Stream Message Committer
Overview
The problem asks us to track a contiguous sequence of processed offsets starting from 0. In a stream processing environment, messages often arrive out of order. However, the system state can only be "committed" up to a certain point if every single message prior to that point has been successfully handled.
Think of this like a sliding window where the left boundary is fixed at 0. We want to know, after every new message arrives, how far we can push the right boundary of a "completed" block. If the message that just arrived doesn't fill the immediate gap after our last commit, we can't move the boundary forward, so we return -1.
Brute force
A naive approach involves maintaining a set or a boolean array of all messages received so far. Every time a new offset arrives, we start from the offset immediately following our last committed value and check, one by one, if the subsequent offsets exist in our collection.

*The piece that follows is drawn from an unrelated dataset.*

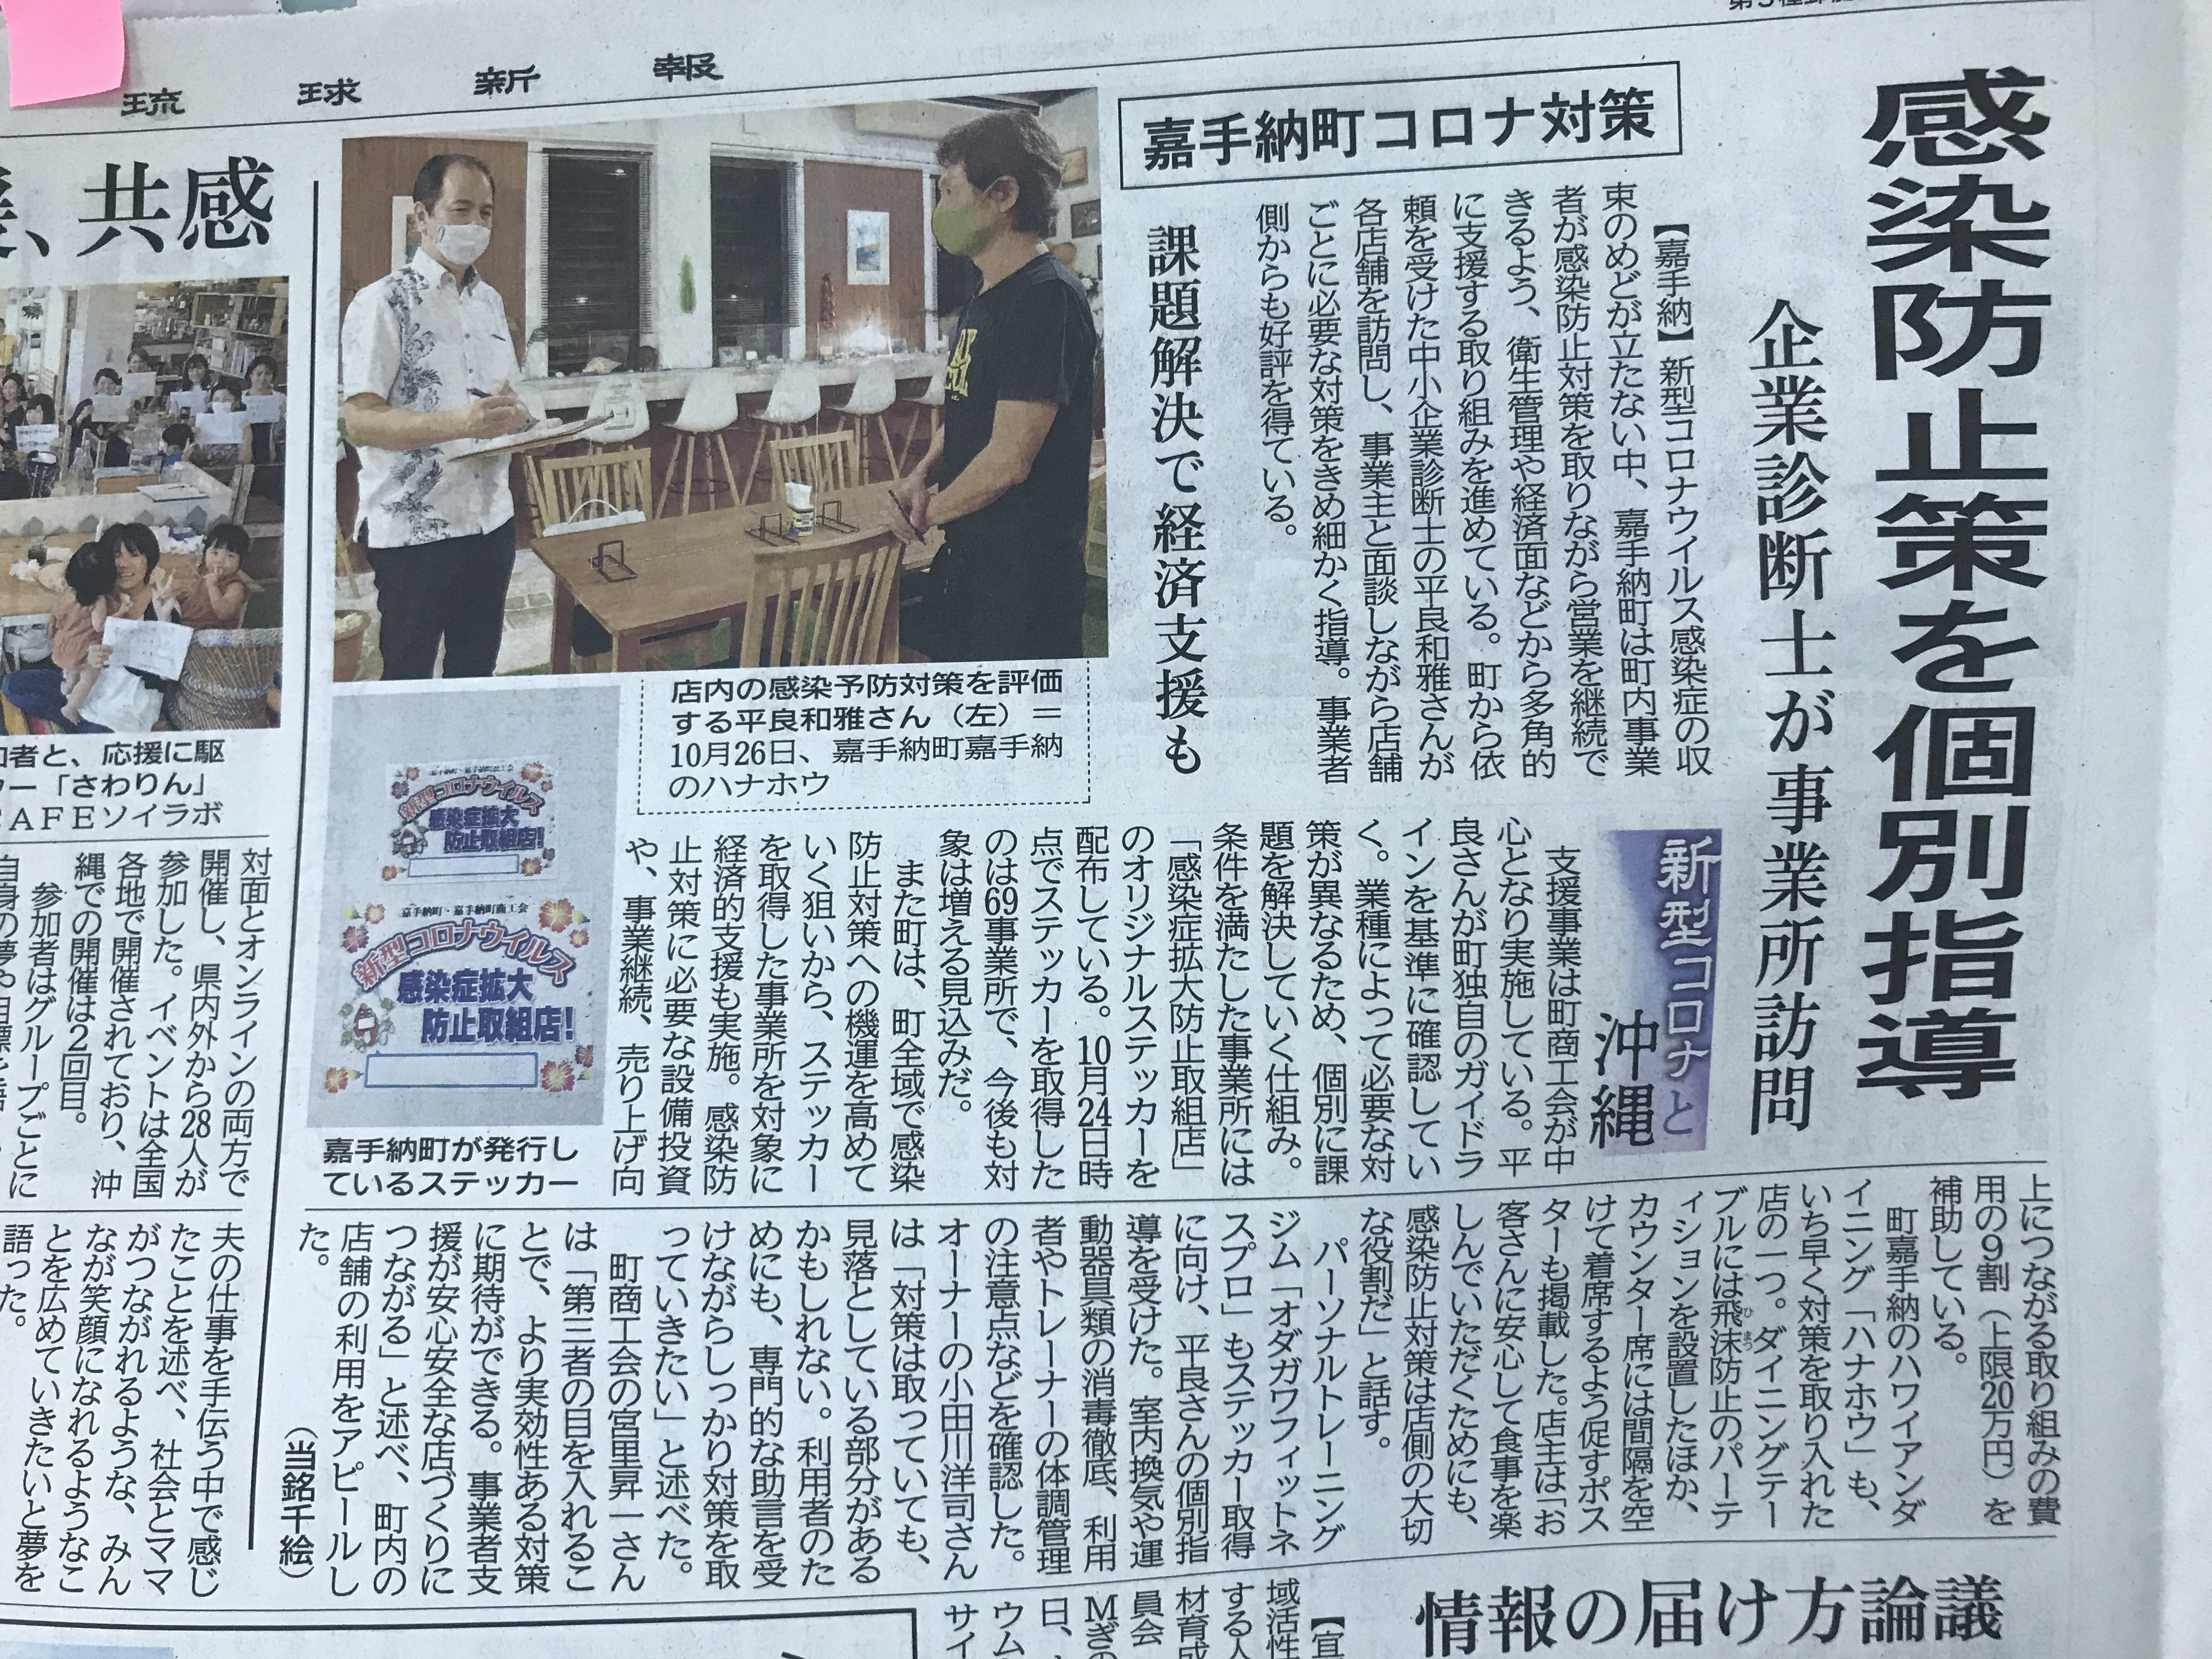 嘉手納町商工会の取組が琉球新報に掲載されました

We continue incrementing our "last committed" pointer until we hit a missing offset.
While this logic seems sound, a naive implementation that re-scans the entire collection from scratch for every input would result in quadratic time complexity.
def commit_messages(offsets: list[int]) -> list[int]:
n = len(offsets)
processed = [False] * n
results = []
last_committed = -1
for x in offsets:
processed[x] = True
# If the newly arrived offset is exactly what we need next
if x == last_committed + 1:
curr = x
# Scan forward to see how many buffered messages we can now commit
while curr + 1 < n and processed[curr + 1]:
curr += 1
last_committed = curr
results.append(last_committed)
else:
results.append(-1)
return results
Time complexity: O(N) — Although there is a nested while loop, the last_committed pointer only moves forward and never resets, ensuring each offset is visited by the inner loop at most once across the entire execution.

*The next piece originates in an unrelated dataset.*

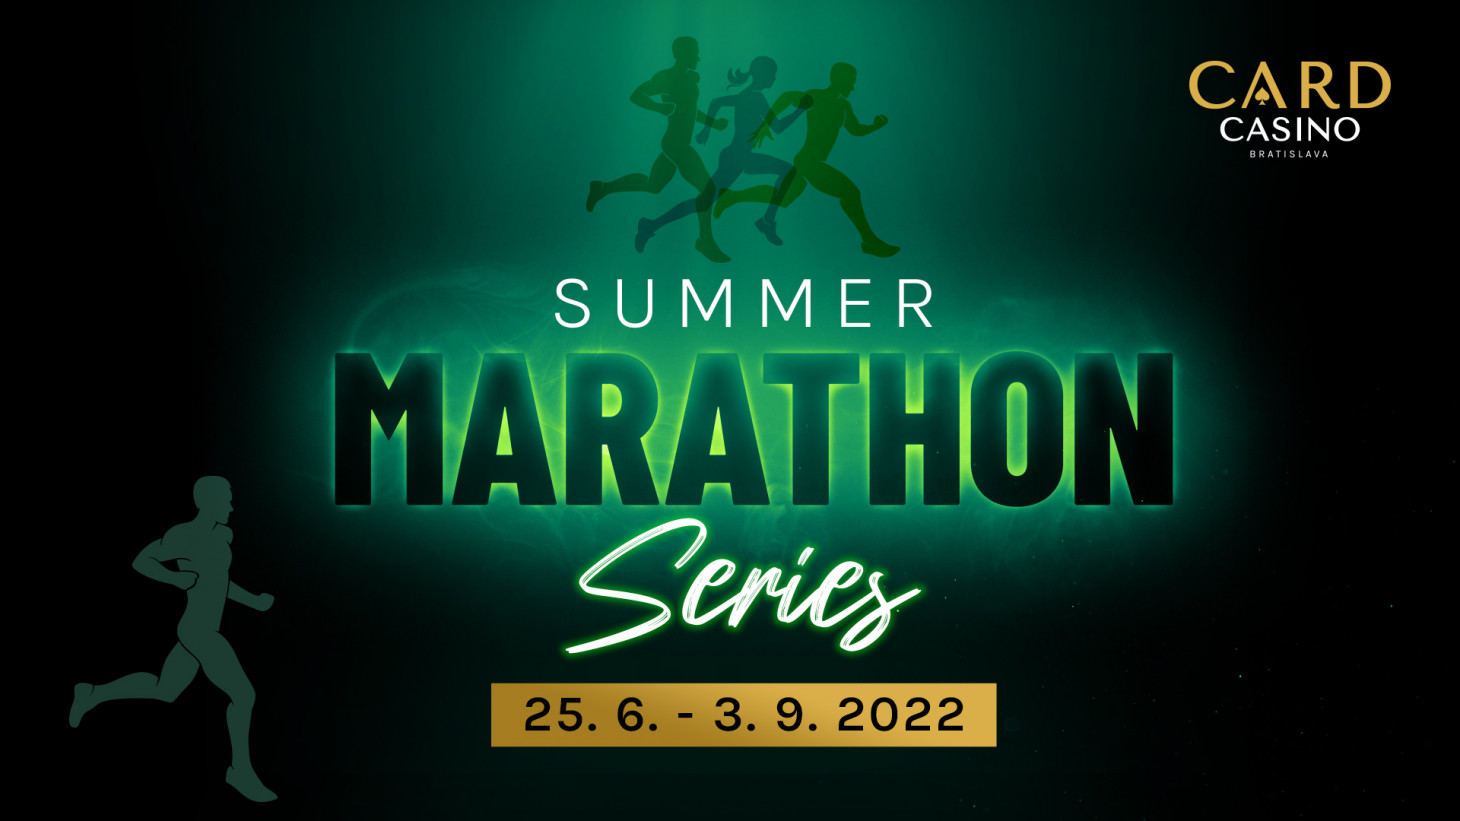 Die MARATHON Summer Series bringt Turniere mit einer Gesamtgarantie von 230.000 €!

Space complexity: O(N) — We maintain a boolean array processed of size N to track which offsets have arrived.
Optimal / best approach
The "Brute Force" described above is actually quite efficient in terms of time complexity ($O(N)$) because of the Amortized Analysis of the pointer movement. However, we can refine the implementation to be as clean and idiomatic as possible.
We use a boolean array (or a bitset) to track seen offsets and a single integer variable next_expected to track the first offset that has not been committed yet. Whenever the incoming offset matches next_expected, we "flush" the buffer by incrementing next_expected as far as possible using the previously seen offsets.
def commit_messages(offsets: list[int]) -> list[int]:
n = len(offsets)
# Track which offsets have been received but not yet committed
seen = [False] * n
results = []
# next_expected is the offset we are currently waiting for to advance the commit
next_expected = 0
for offset in offsets:
seen[offset] = True
# If the incoming offset is the one that completes the contiguous block
if offset == next_expected:
# Advance next_expected as far as possible
while next_expected < n and seen[next_expected]:
next_expected += 1
# The highest committed offset is next_expected - 1
results.append(next_expected - 1)
else:
# The gap is still there; cannot commit anything new
results.append(-1)
return results
Time complexity: O(N) — Each element in the offsets array is processed once, and the next_expected pointer increments at most $N$ times throughout the entire function.
Space complexity: O(N) — We require a boolean array seen of size $N$ and an output list of size $N$.
Why this works
The core constraint is that we cannot commit offset x unless all offsets 0...x-1 are committed. This means the "commit point" is strictly monotonic. By using a boolean array as a fast-access buffer, we can store "future" messages that arrive before their predecessors. As soon as the "missing link" (the next_expected offset) arrives, it acts as a trigger to release all contiguous messages stored in the buffer.